Since ancient times, metal has attracted great interest as an ornament or jewellery. In contrast, the nanostructures of these metals have been of interest due to their larger surface area to volume ratio, size, shape, and electrical properties, especially in the field of biomedicine. Due to significant size-related perspectives, various metal nanoparticles (NPs) are being synthesized and adopted for use.^1,2 Among the precious metal nanoparticles, silver nanoparticles (AgNPs) have become the focus of scientific attention because they have the ability to interact with various biomolecules against a broad spectrum of bacteria and because of their fungicidal activity.³ Although scientists are fascinated by AgNPs due to their multifunctional properties and their widespread uses in electronics,⁴ the textile industry,^5,6 waste water treatment,⁷ as potent disinfectants,⁸ and dentistry,⁹ however, expansion of multidrug-resistant bacteria, being an alarming situation, has shifted the scientists’ attention to the use of AgNPs in biomedical applications.³

The AgNPs are being synthesized, physically and/or chemically, using multiple stabilizers with various protocols, i.e., hydrothermal with nanocellulose,¹⁰ chemical reduction and stabilization by dextran,¹¹ and photochemical in the presence of collagen.¹² Despite all this, the stability of the NPs have been a great concern which is related to the synthesis of AgNPs, because of the expense and the harmful environmental impacts of them being employed as stabilizers.¹³

Surfactants, and amphiphilic molecules, primarily function as stabilizers and provide colloidal stability and prevent agglomeration and excessive growth. In addition, it was also found that these amphiphilic molecules acted as optimal capping agents, thereby greatly improving the antibacterial activity of the modified AgNPs. However, it is also evident that the bactericidal and fungicidal properties are morphologically dependent on the AgNPs. Fortunately, surfactants can be control the morphology of colloidal NPs.^14–16 Although various silver nanostructures such as silver nanorods, nanoplates, and triangular shapes have been reported to enhance bactericidal properties, conversely it has been concluded from previous reports in the literature that spherical AgNPs have a poorer bactericidal performance compared to other shapes and morphologies.^14,17,18

In the context of differential morphological dependent bactericidal properties of AgNPs, the current work describes the development of quasi-spherical AgNPs via a one-pot wet chemical reduction route under multiple ionic micellar hierarchical approaches.
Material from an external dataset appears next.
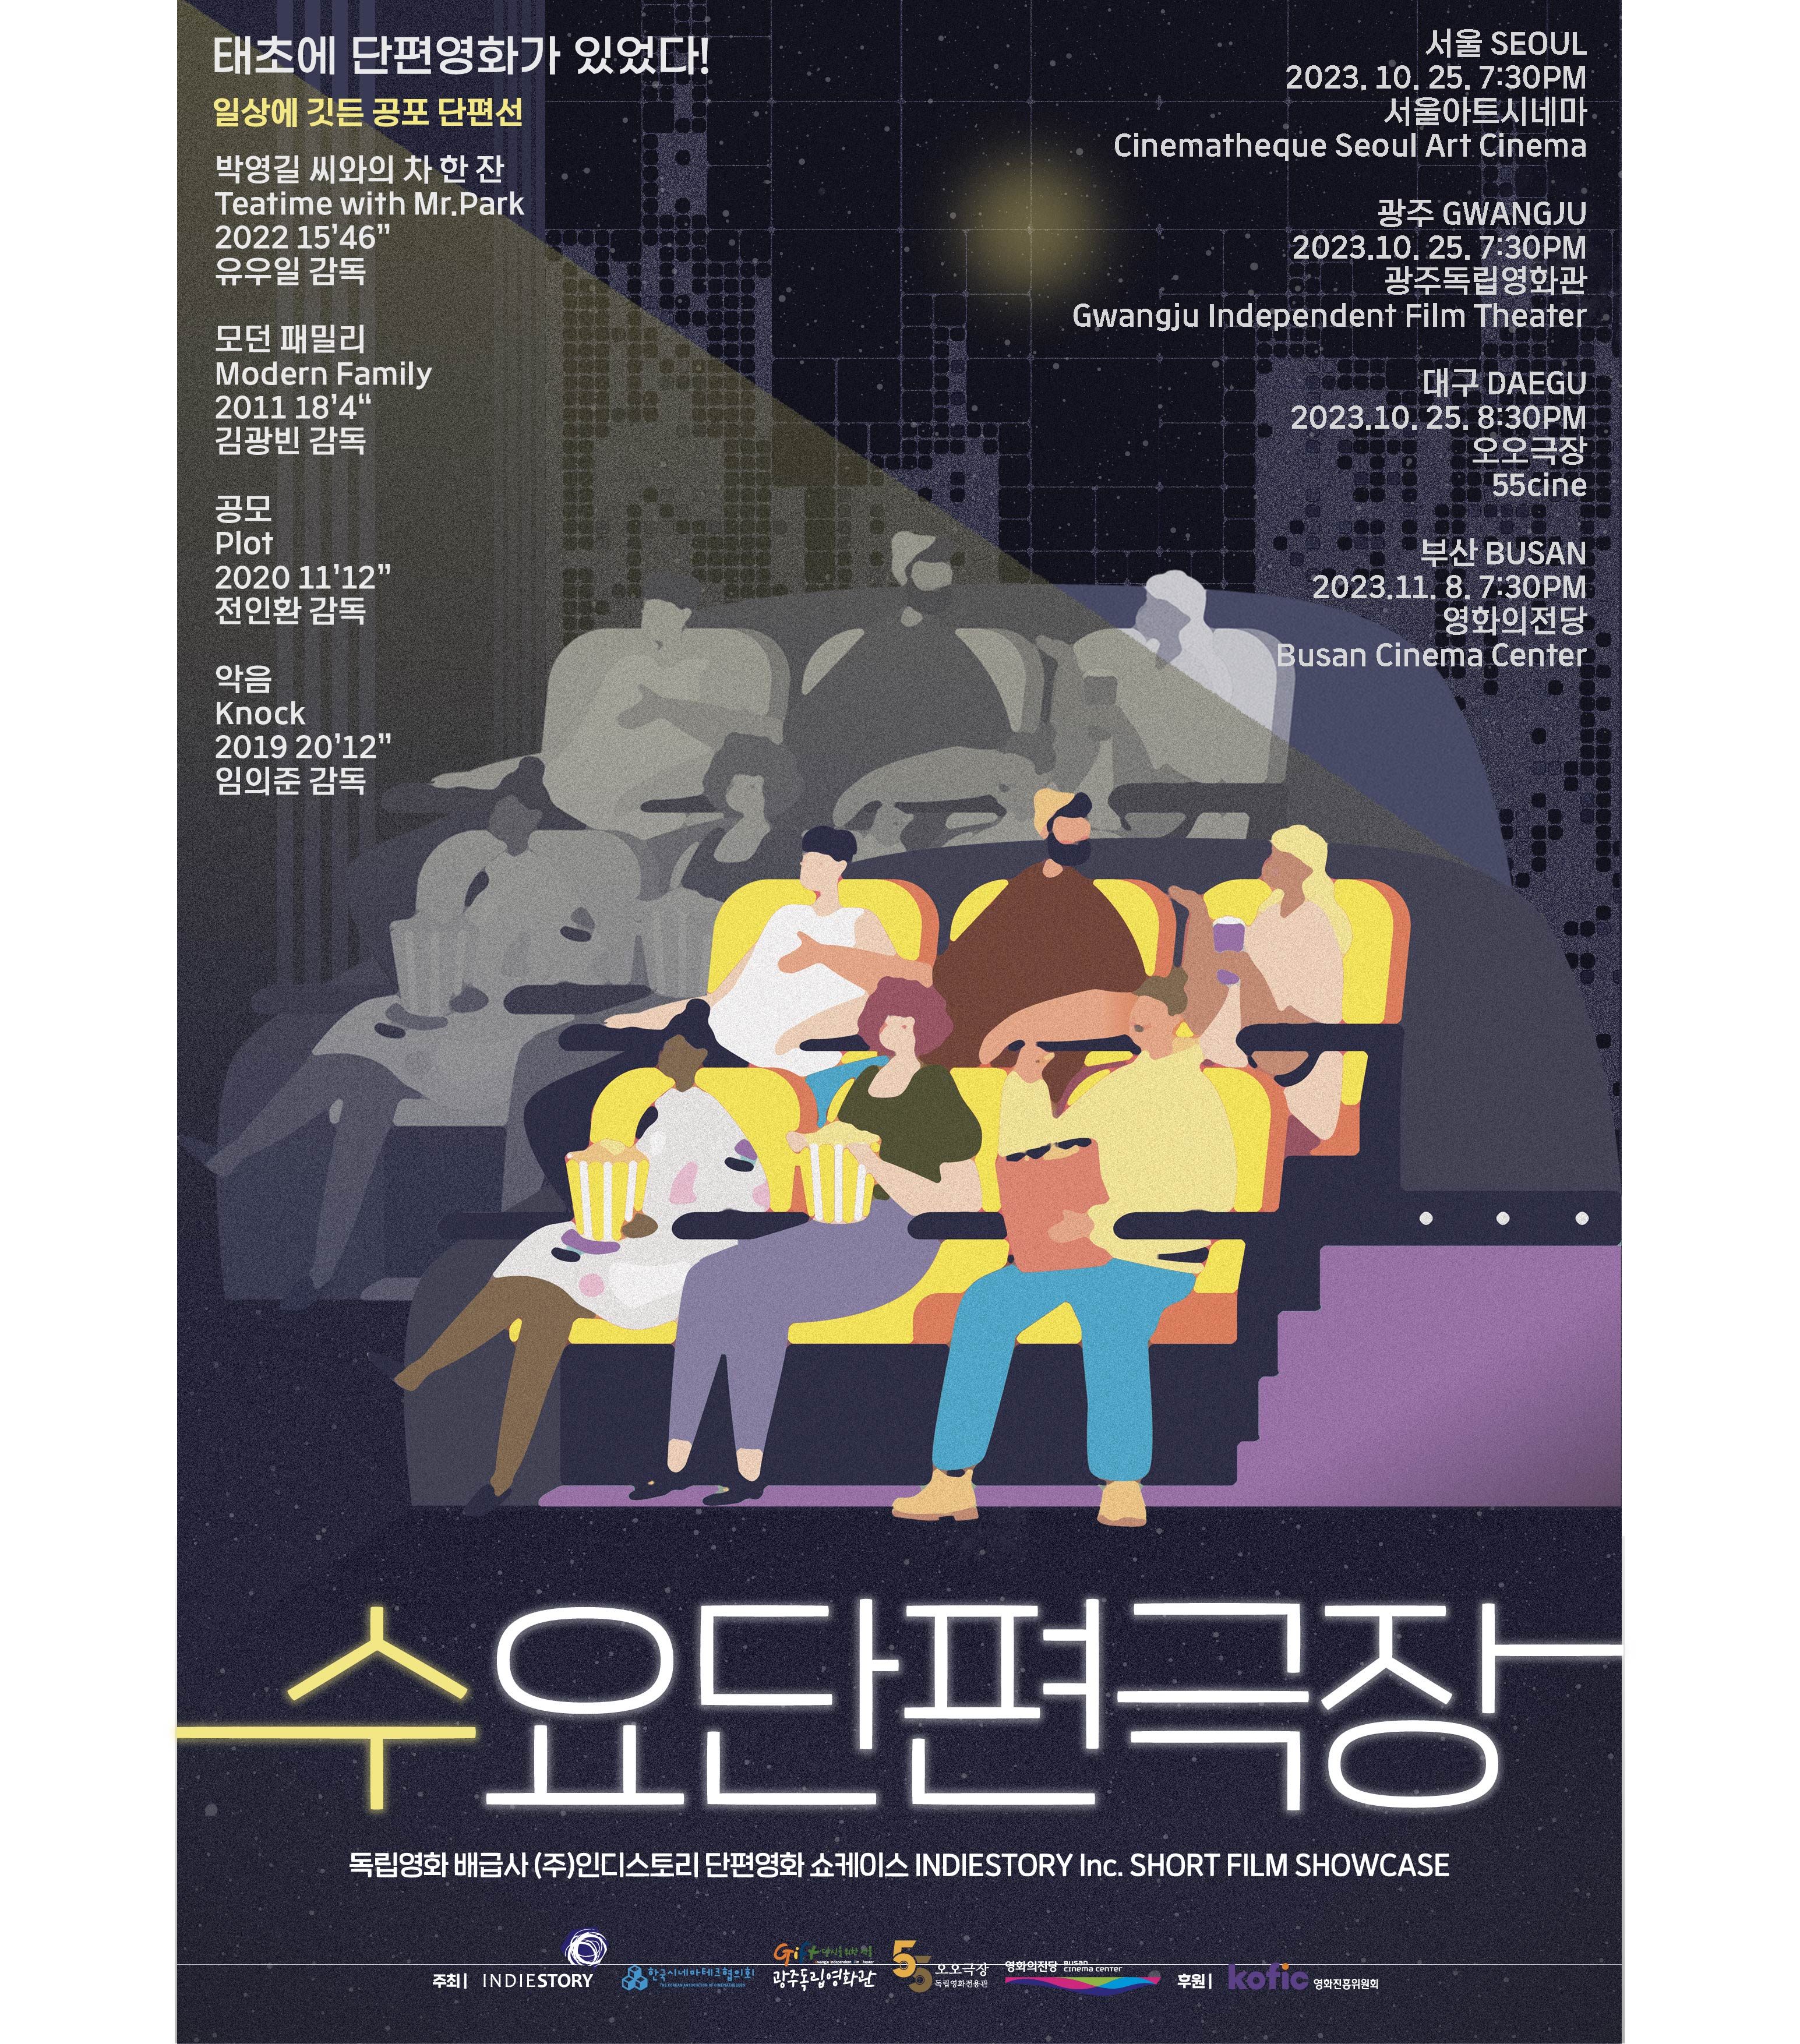 부산 2023.11.8 7:30PM 영화의전당 Busan Cinema Center

The purpose is to enhance the bactericidal efficiency of spherical AgNPs. Different capping agents i.e., cetyltrimethylammonium bromide (CTAB), di-n-dodecyldimethylammonium bromide (DDAB), sodium dodecyl sulfate (SDS), dioctyl sodium succinate (DOSS), 2-mercaptoethanesulfonate sodium (MES) are used (basic molecular structures are given in Table S1 (ESI†)). The characterization of the synthesized AgNPs was accomplished using UV-Visible, and Fourier transform infrared (FTIR) spectroscopies, DLS, and zeta potential measurements, whereas the morphology of AgNPs was determined using scanning electron microscopy (SEM) and scanning transmission electron microscopy (STEM). The bactericidal activity against nine bacterial strains was checked using the agar-well diffusion method, and the zone of inhibition (ZOI) was determined accordingly. Based on the data provided in this study, it was found that spherical AgNPs show enhanced bactericidal efficiency when capped with mono-alkyl ionic surfactants compared to capping with the di-alkyl surfactant moiety.

Experimental section

Materials and chemicals

Silver nitrate (AgNO₃, 99%) and sodium borohydride (NaBH₄, ≥98%) were purchased from VWR Chemicals. Cetyltrimethylammonium bromide (CTAB, ≥99%) was purchased from VWR, di-n-dodecyldimethylammonium bromide (DDAB, 98%) from Alfa Aesar, sodium dodecyl sulfate (SDS, ≥99%) from Duksan Pure Chemicals, dioctyl sodium succinate (DOSS, 96%) and 2-mercaptoethanesulfonate sodium (MES) from Acros organics. All the chemicals were of analytical grade and used as received without any further modifications. Double distilled H₂O was used for the preparation of all the solutions.

Synthesis of capped-AgNPs

For the synthesis of AgNPs, AgNO₃ was used as the precursor of silver ions, NaBH₄ was used as the reducing agent, and different surfactants were utilized as capping agents. A portion (2.0 mL) of AgNO₃ (1 wt%) was diluted to 100 mL with distilled water. Then the optimal amount of each capping agent was prepared in 100 mL of distilled water. The AgNO₃ and capping agent (one per sample) solutions were then mixed together and continuously stirred at room temperature, maintaining the concentration of each surfactant, i.e., CTAB (2.0 mM), DDAB (0.3 mM), SDS (9.0 mM), DOSS (3.0 mM) and MES (1.0 mM) above their respective critical micelle concentration (CMC) values. After 10 min, freshly prepared NaBH₄ solution (0.04 g in 1 mL of H₂O) was added dropwise, resulting in the formation of capped-AgNPs. After all the NaBH₄ solution was added, the reaction mixture was stirred overnight. At the end of the reaction, a brownish colloidal solution was obtained, as shown in Fig. 1. The as-synthesized capped-AgNPs were labelled as A1, A2, A3, A4 and A5 for CTAB-AgNPs, DDAB-AgNPs, SDS-AgNPs, DOSS-AgNPs and MES-AgNPs, respectively.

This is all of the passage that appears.